OK, so now you know how to read a single cohort analysis chart but comparing two cohort charts is where the magic lies.
Single analysis charts can help marketers spot and dig into the behavioral patterns of certain groups; as in the above chart, often with actions such as purchases. Comparing two charts allows marketers to track the impact of specific variables on the same audiences, or even assess the effectiveness of different approaches on varied audiences. To demonstrate what that might look like in practice, we’ll go through those scenarios in turn.
For scenario one, a marketer might want to determine whether a certain medium has the biggest effect on increasing website visits for a given cohort. The chart for their first analysis may look at audiences and customers coming to the site after receiving an offer via email and in later days across a month, while the second analyzes those served with the same creative as a social media ad. This direct comparison for email and social will show which delivery method wins out.
Or scenario two, a business working across B2B and B2C might want to understand how well messages work for different target audiences.
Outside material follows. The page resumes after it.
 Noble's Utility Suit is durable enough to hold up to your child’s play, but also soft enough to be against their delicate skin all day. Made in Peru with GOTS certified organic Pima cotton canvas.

Setting dwell time on the brand site as the engagement metric, they can generate cohort charts for the same advertising message delivered to a B2B and B2C audience, tracking how long those who clicked through stuck around for each return session over a six-month period.
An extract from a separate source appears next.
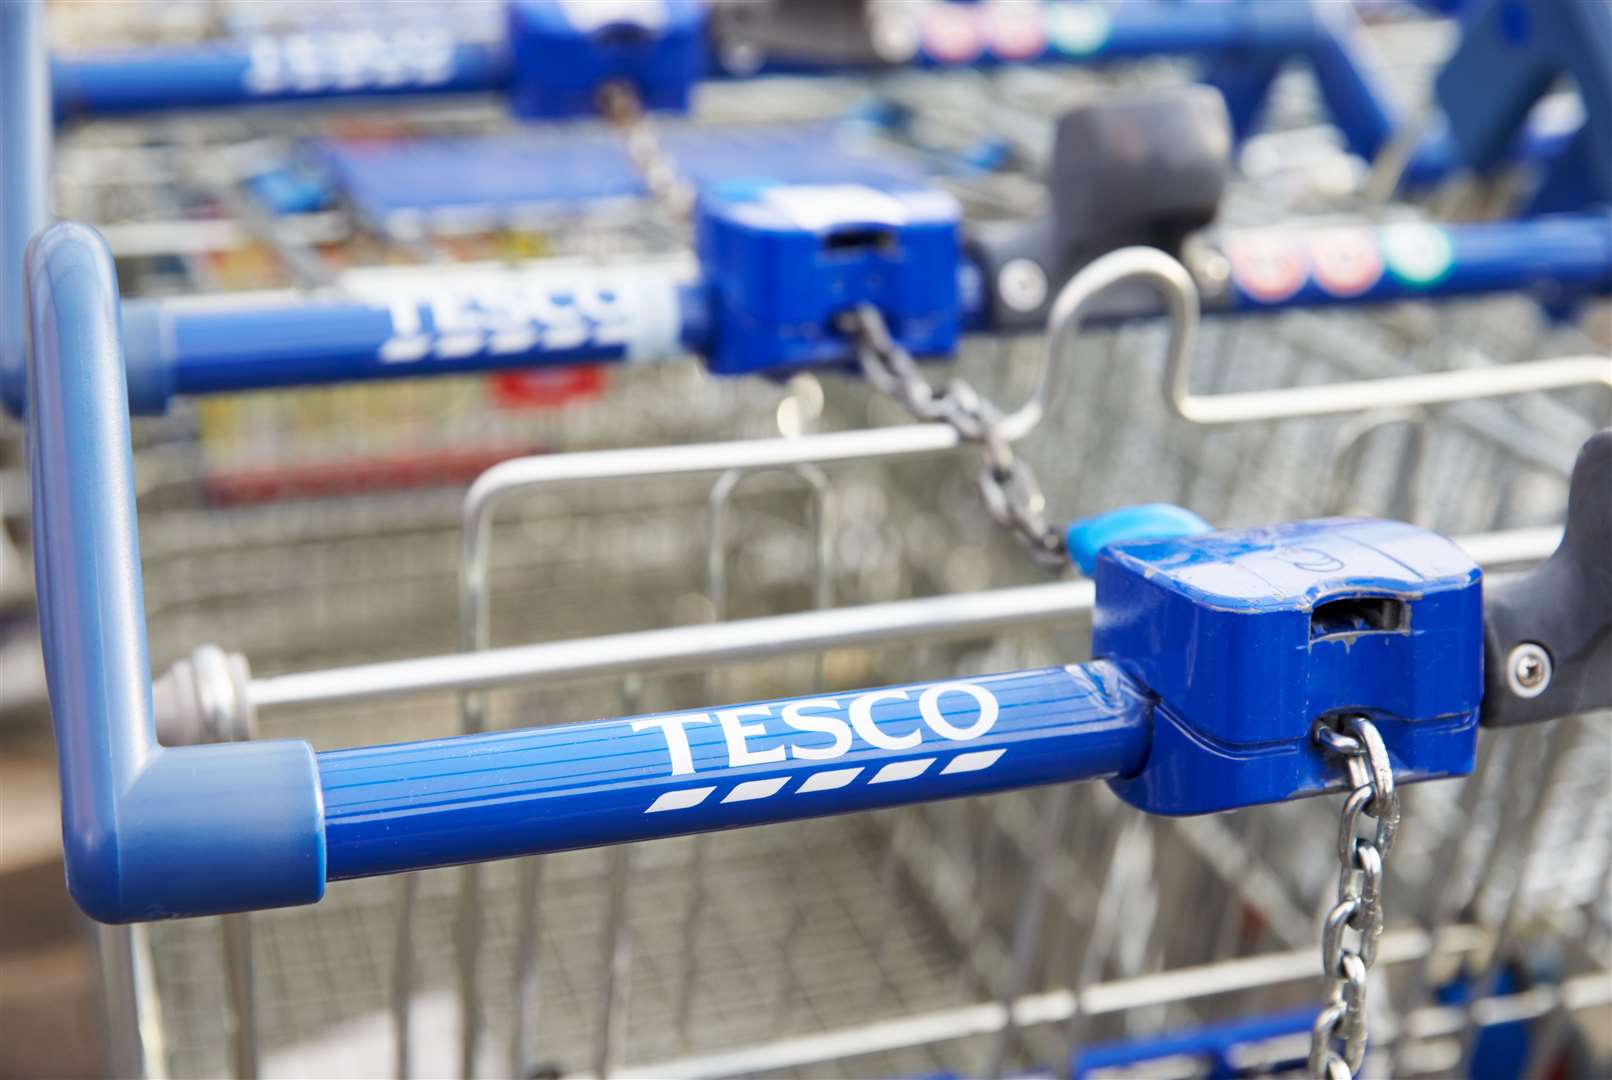 Tesco is recalling packets of stuffing mix. Image: iStock.

On both counts, what marketers get is an idea of which elements are driving the highest gains and how strategies should be adapted in future.
As already mentioned, you can use cohort analysis straight out of Google Analytics - but it’s worth noting that there are some limitations.
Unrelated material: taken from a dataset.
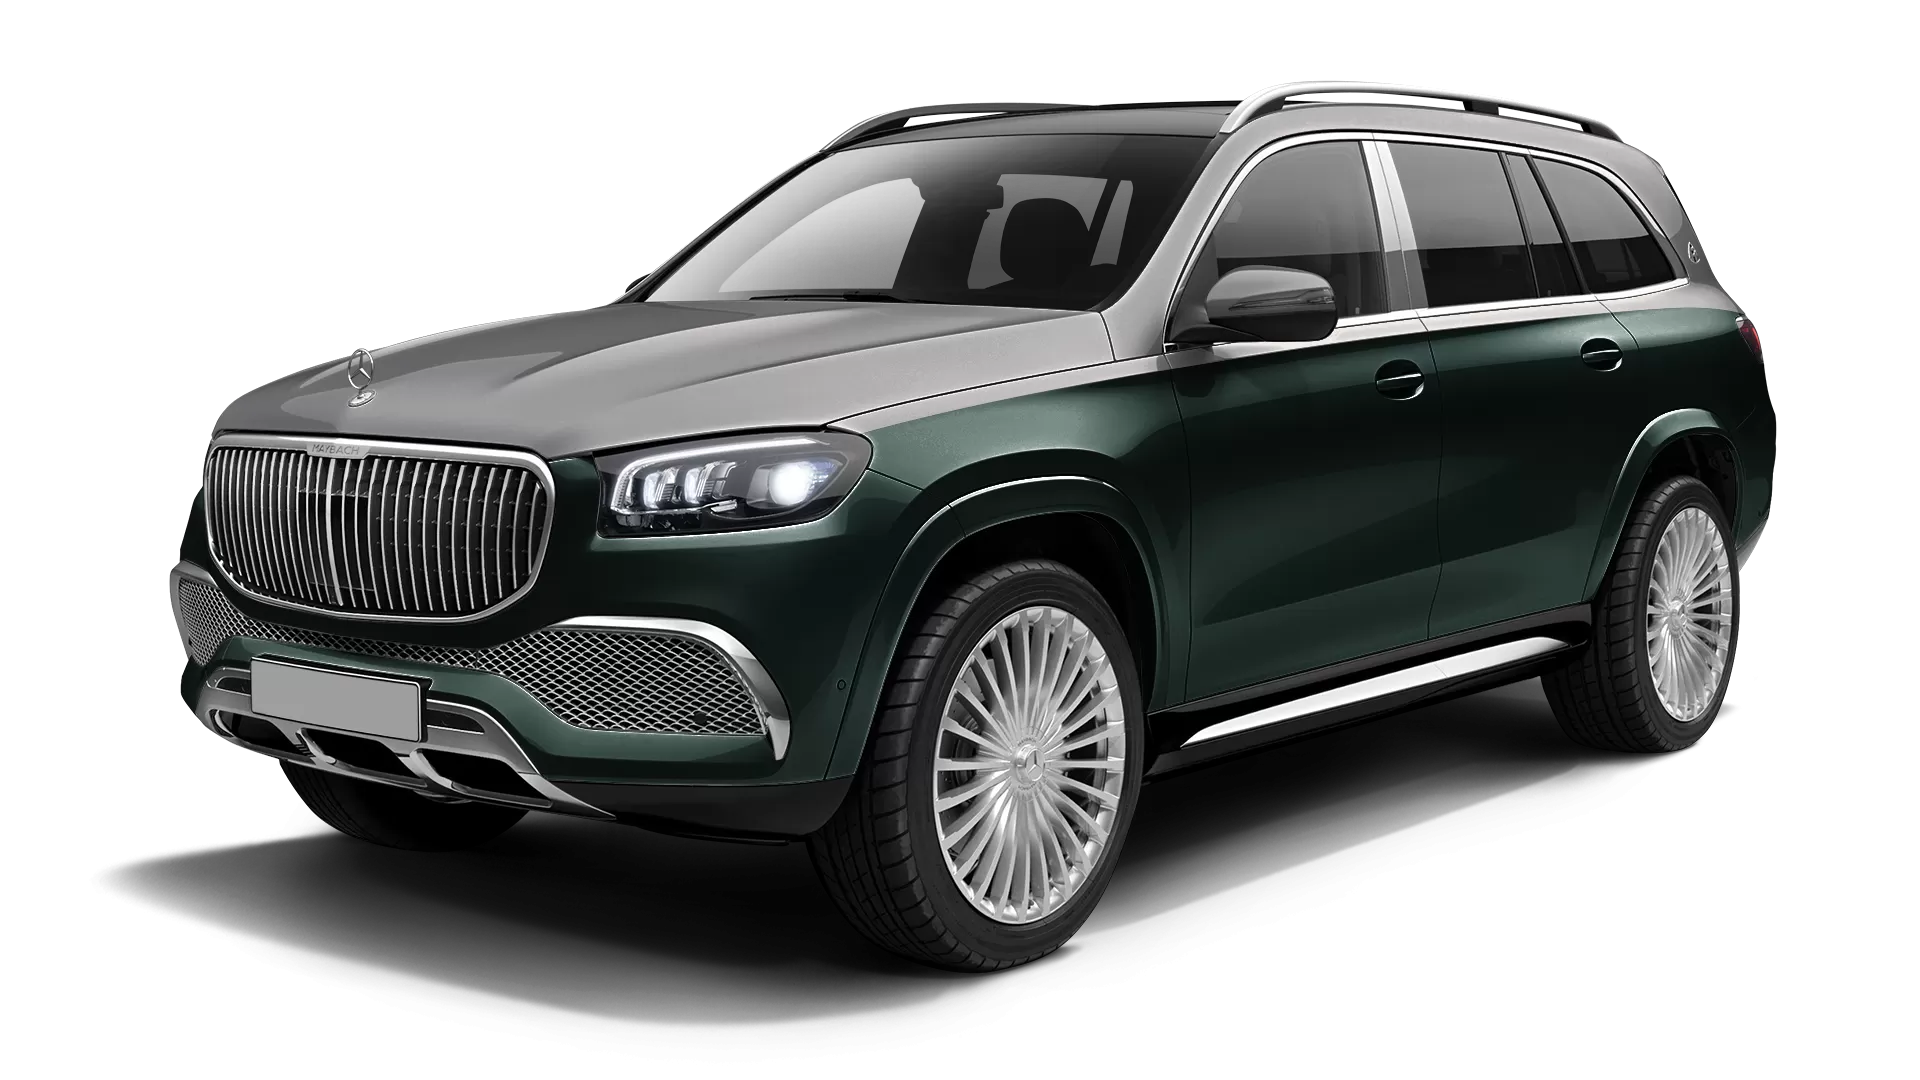 Mercedes Maybach GLS 600 stock front view in Emerald Green & Mojave Silver color

First, while cohort analysis can (and should) be used for tracking multiple different shared characteristics, Google Analytics can only define cohorts based on the first time a user visits your website. Secondly, tracking retention and returning users to your site is going to start getting much harder with upcoming changes focused on customer privacy.
Thirdly, since cohort data is related to time periods, collecting enough data can be a lengthy process, meaning marketers will have to wait for days, weeks, months and even years before they can gather sufficient data for highly illuminating, but also sometimes belated analysis.
Confusion around cohort analysis is understandable. When combined with the limits of what it can do at speed, it’s not surprising that many marketers have yet to fully take the plunge and find out what it can deliver. But dismissing it as too intricate to be worth the hassle can mean you are missing out on huge, data-driven opportunities that could significantly improve your understanding of audience and customer behavior, and also your marketing effectiveness.
The ultimate verdict on diving into cohort analysis: it takes work, but it’s more than worthwhile.